Information provided
[Start of section]

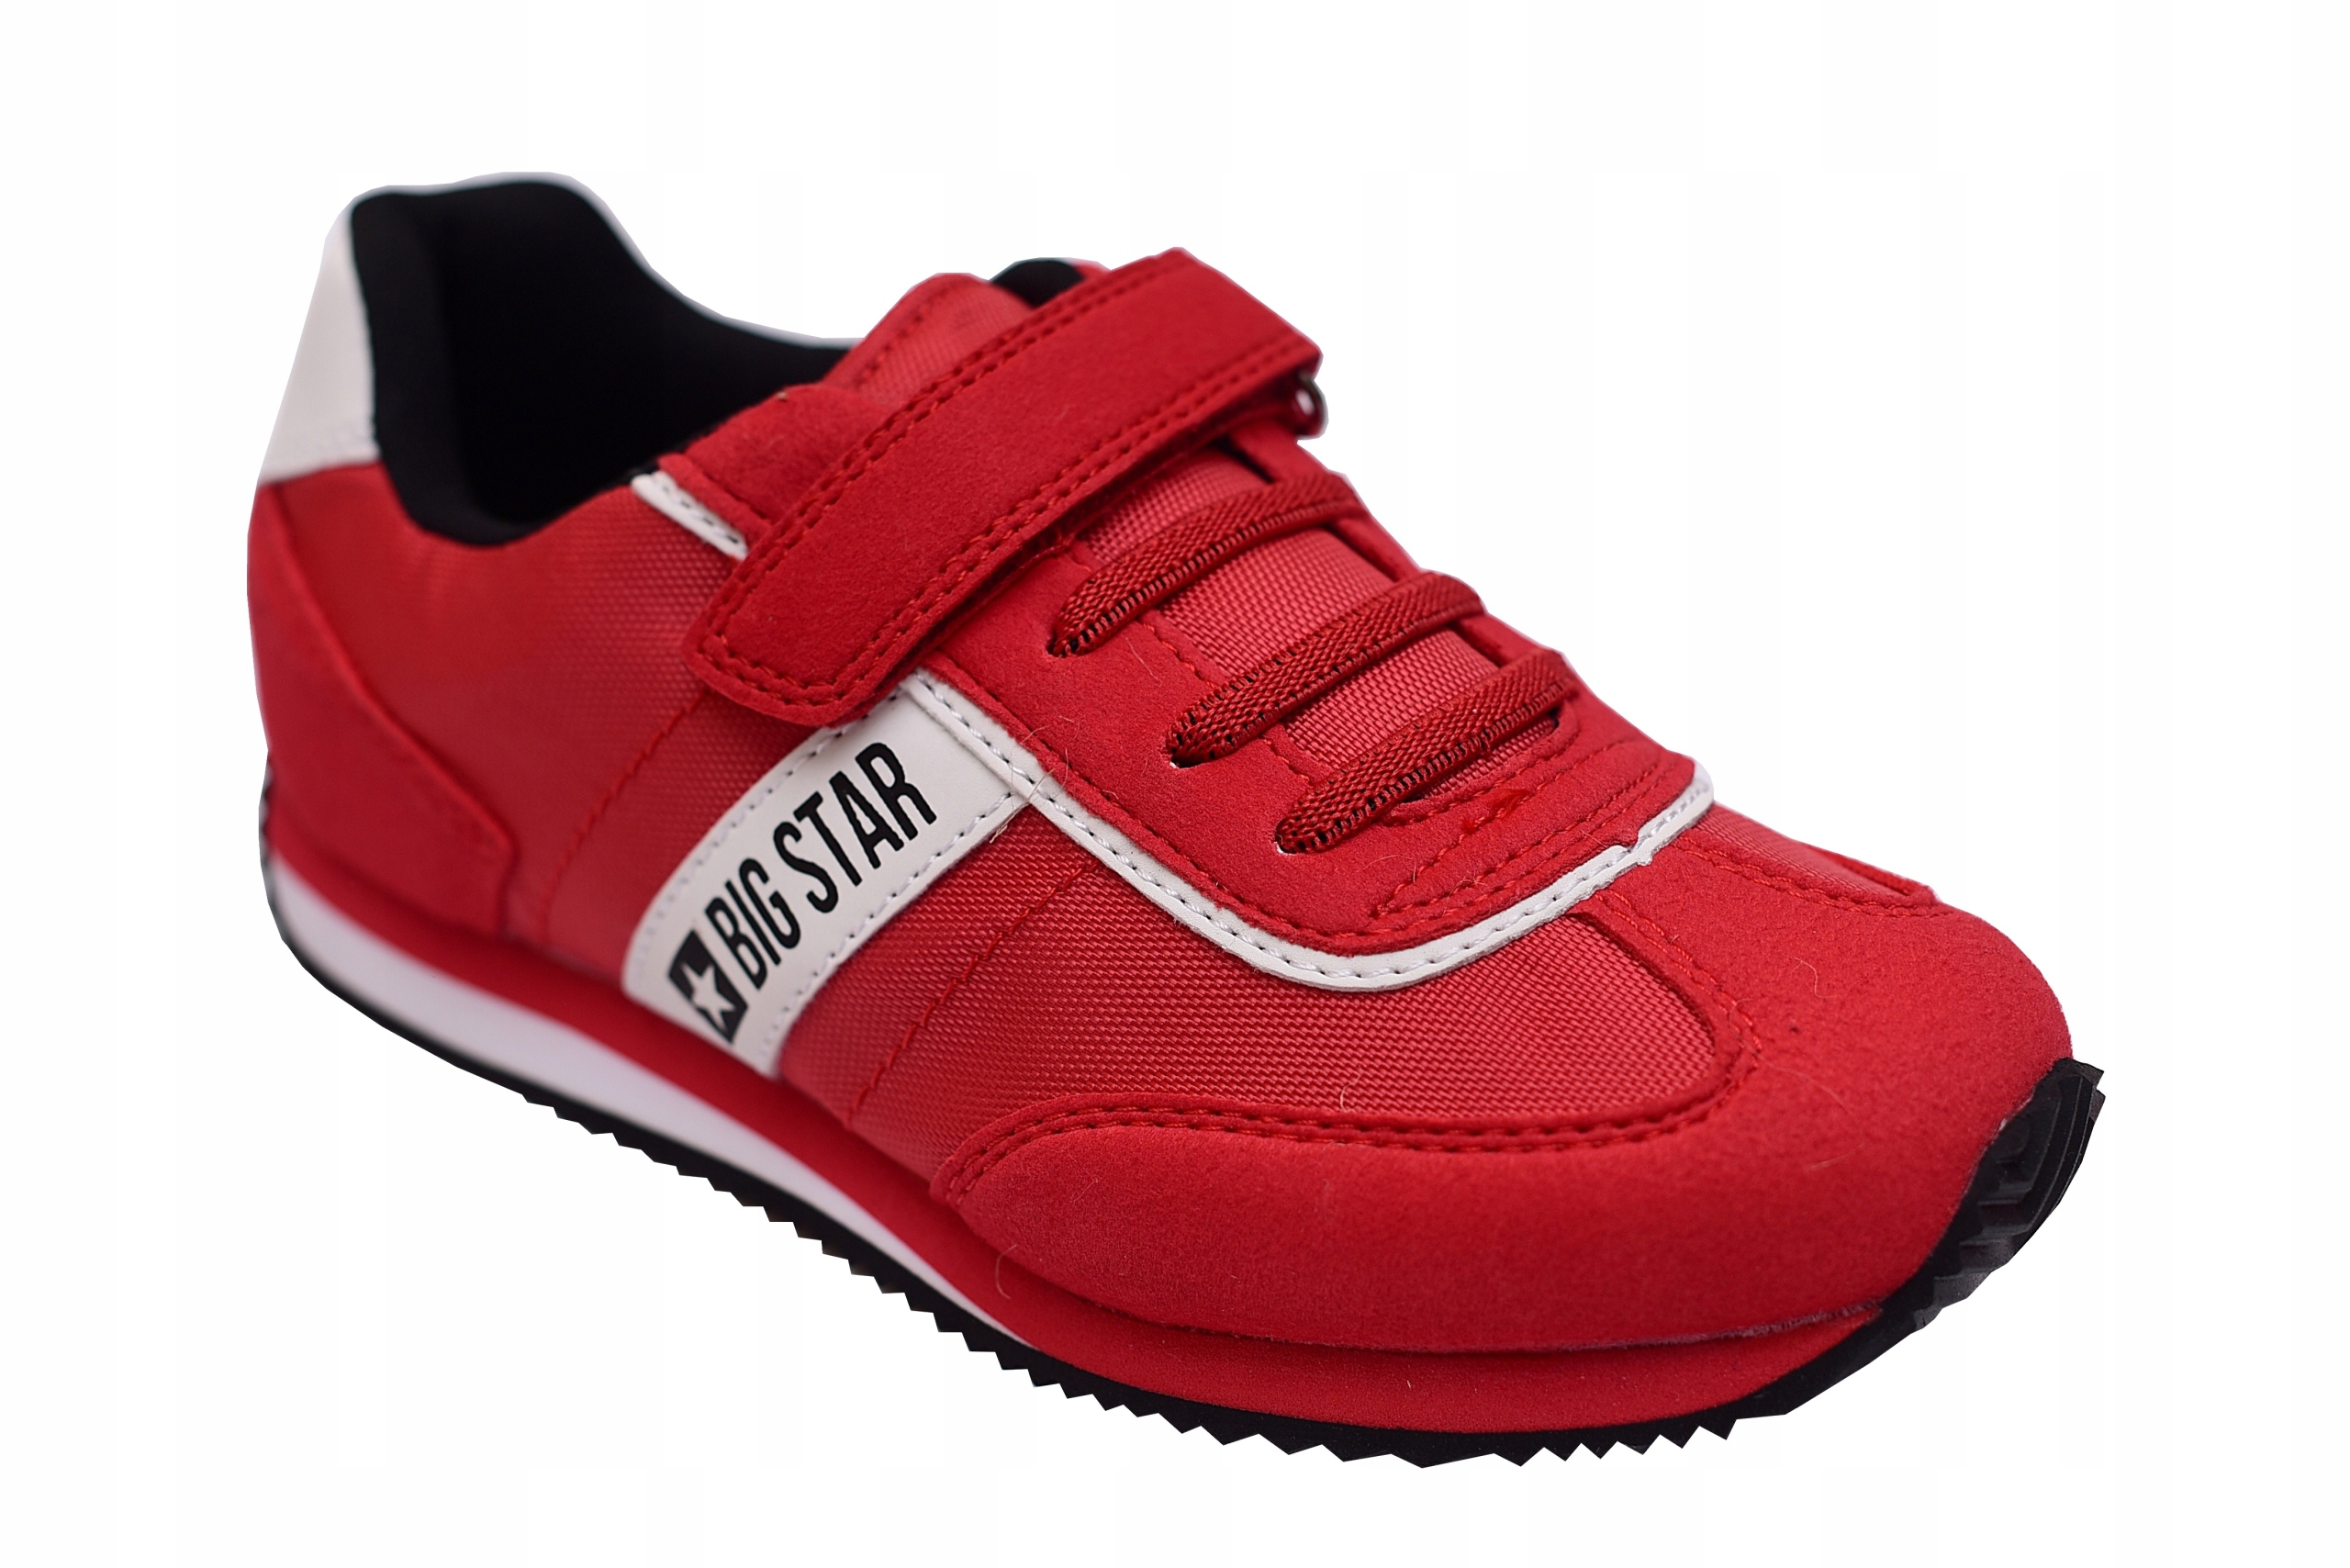 Buty Dzieciece Sport Adidasy Big Star Ff374135 33 9084792640 Allegro Pl
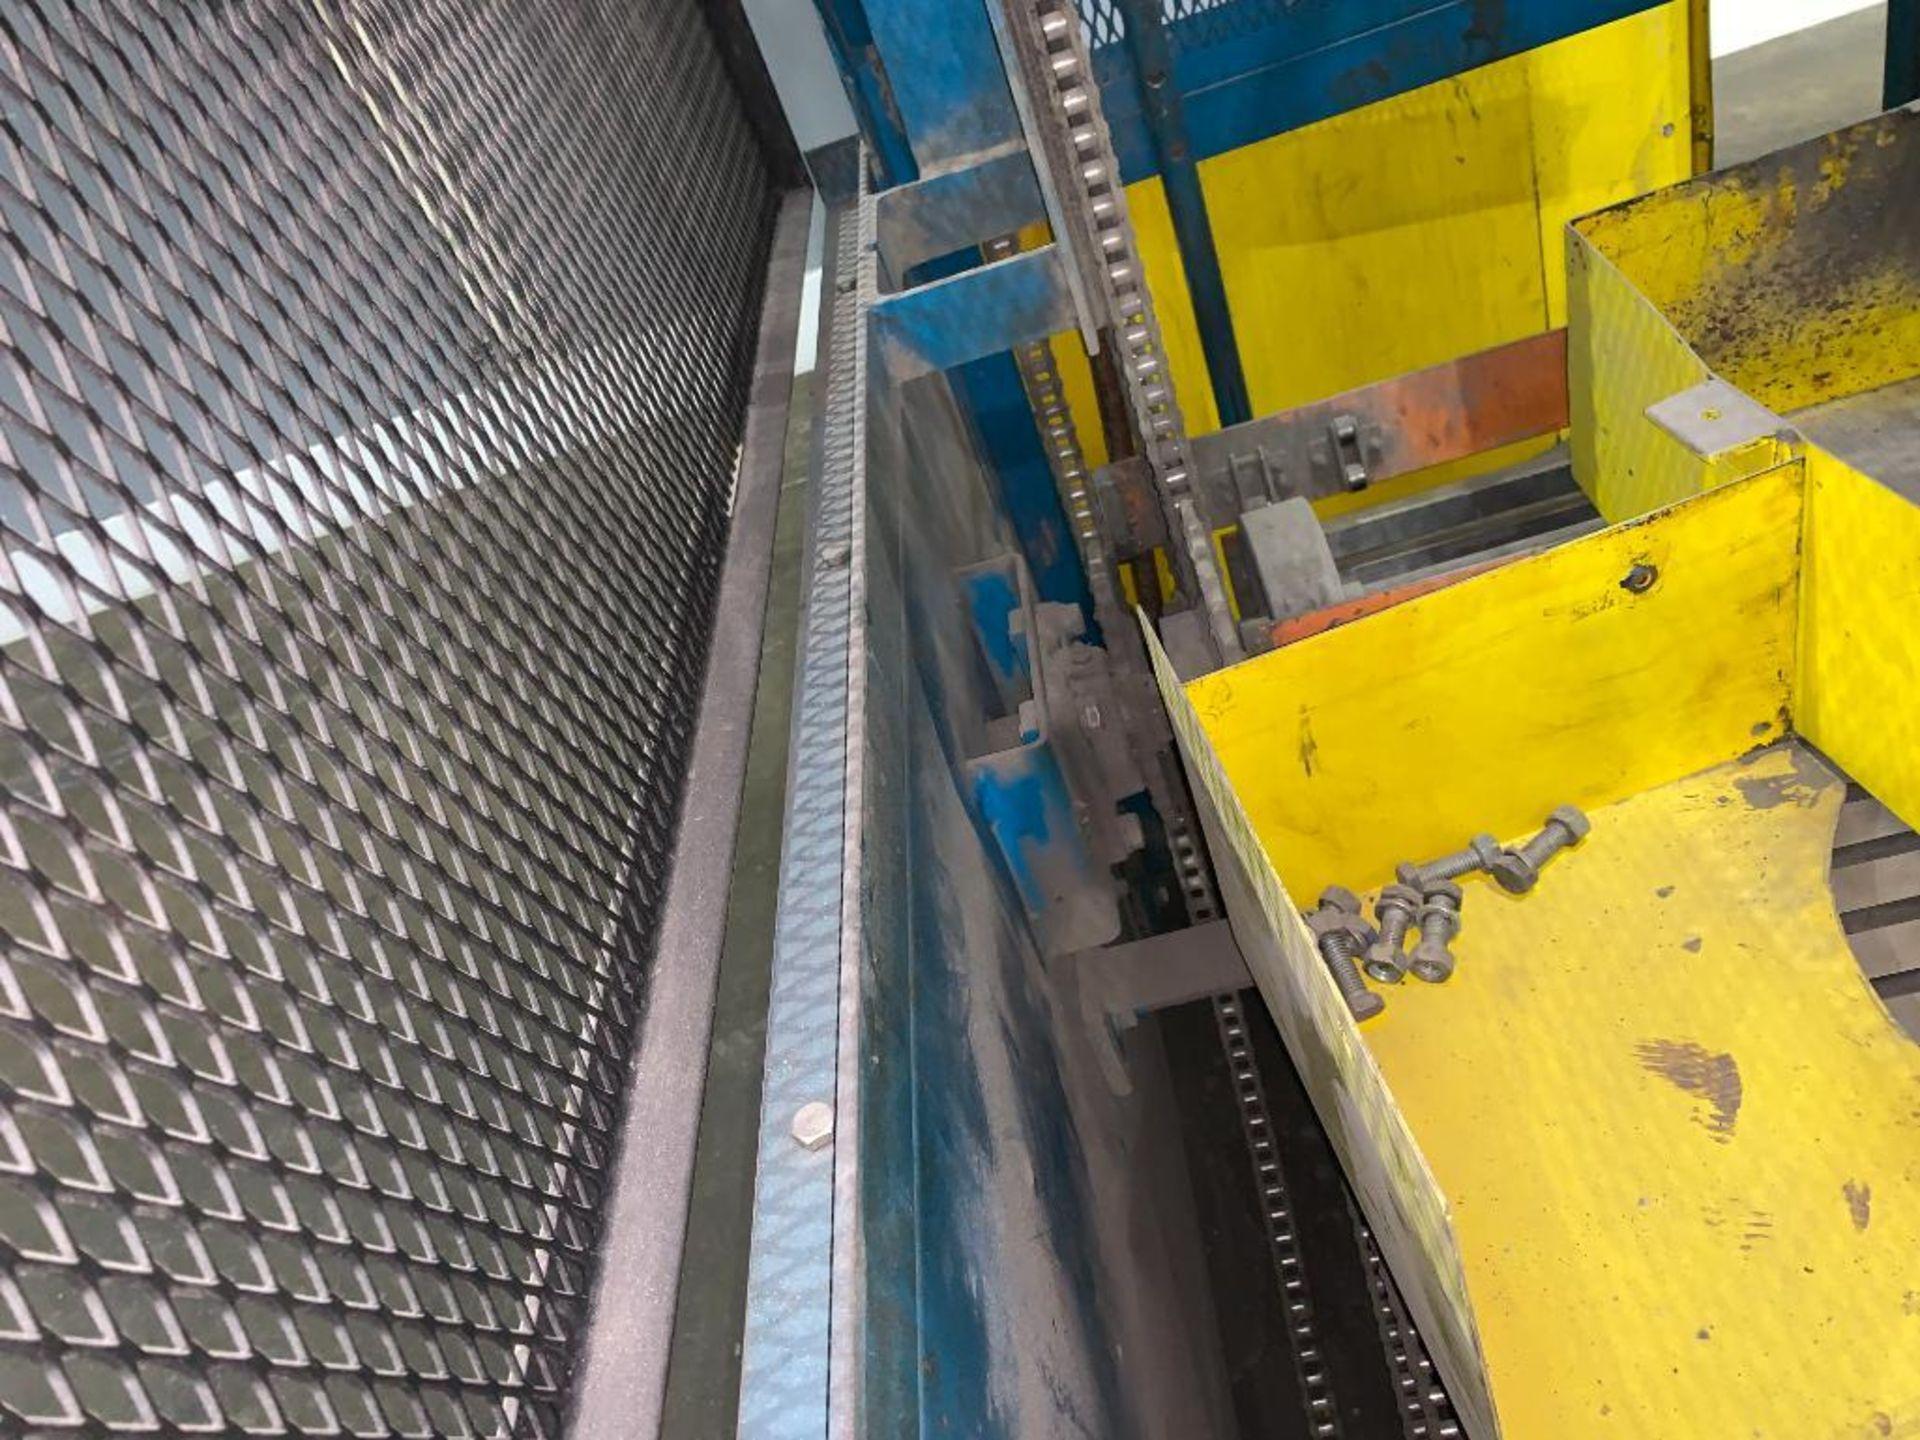 TKF vertical case elevator parts - Image 9 of 13
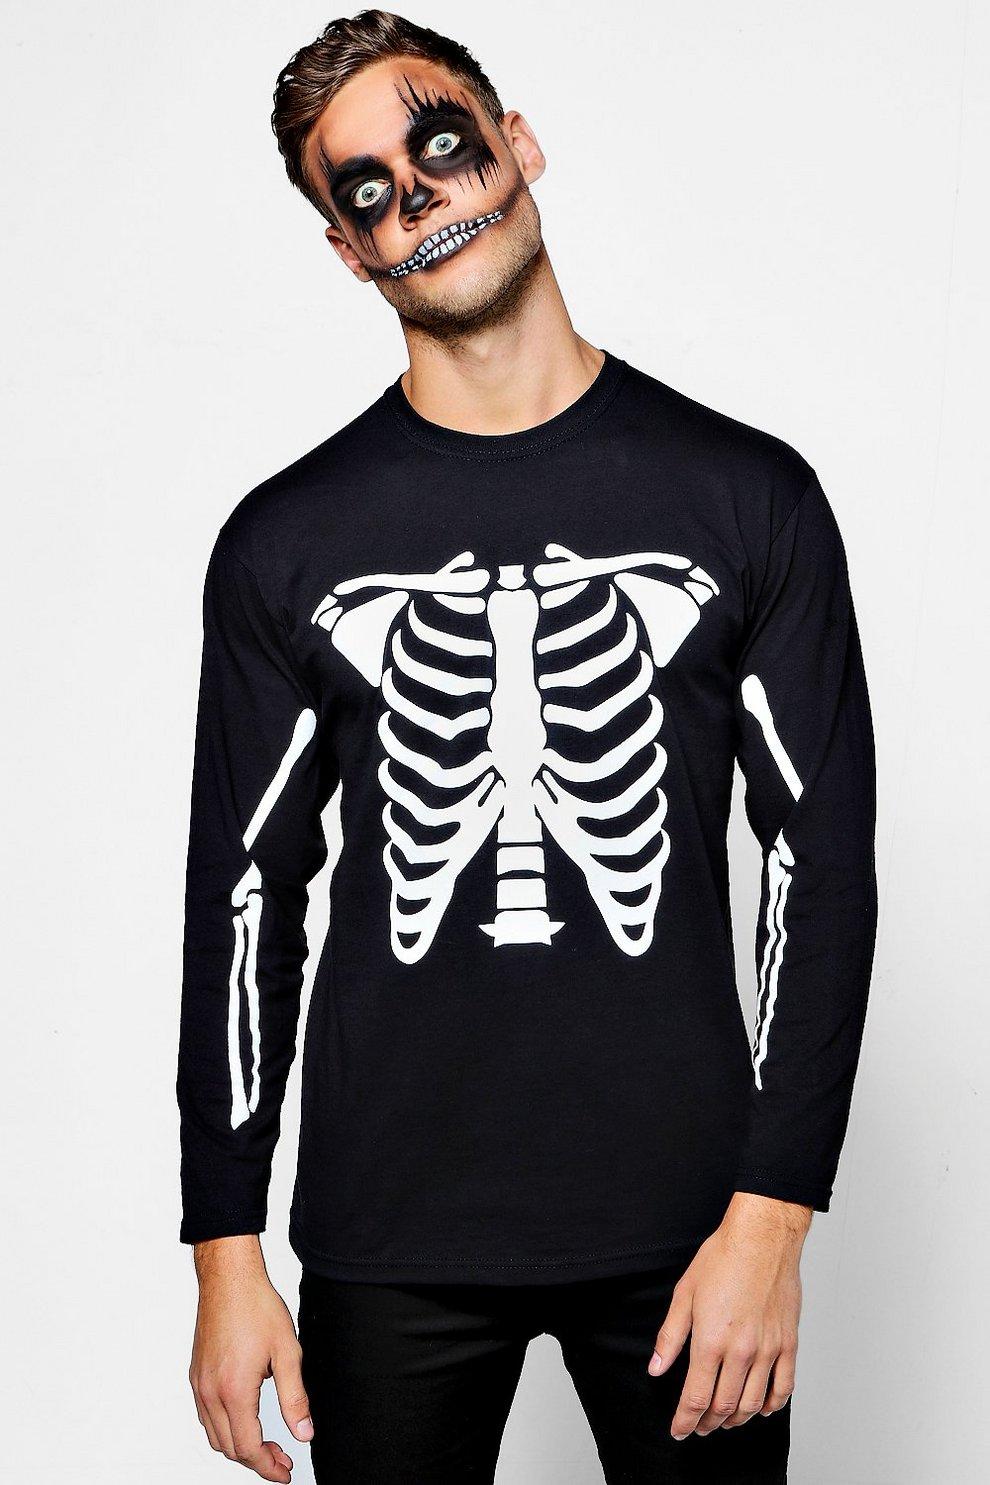 55642650c69 Mens Black Long Sleeve Halloween Skeleton T-Shirt

[End of section]

Your objective
All of the lines above should be printed exactly, minus the pictures.

Response area
 Buty Dzieciece Sport Adidasy Big Star Ff374135 33 9084792640 Allegro Pl
 TKF vertical case elevator parts - Image 9 of 13
 55642650c69 Mens Black Long Sleeve Halloween Skeleton T-Shirt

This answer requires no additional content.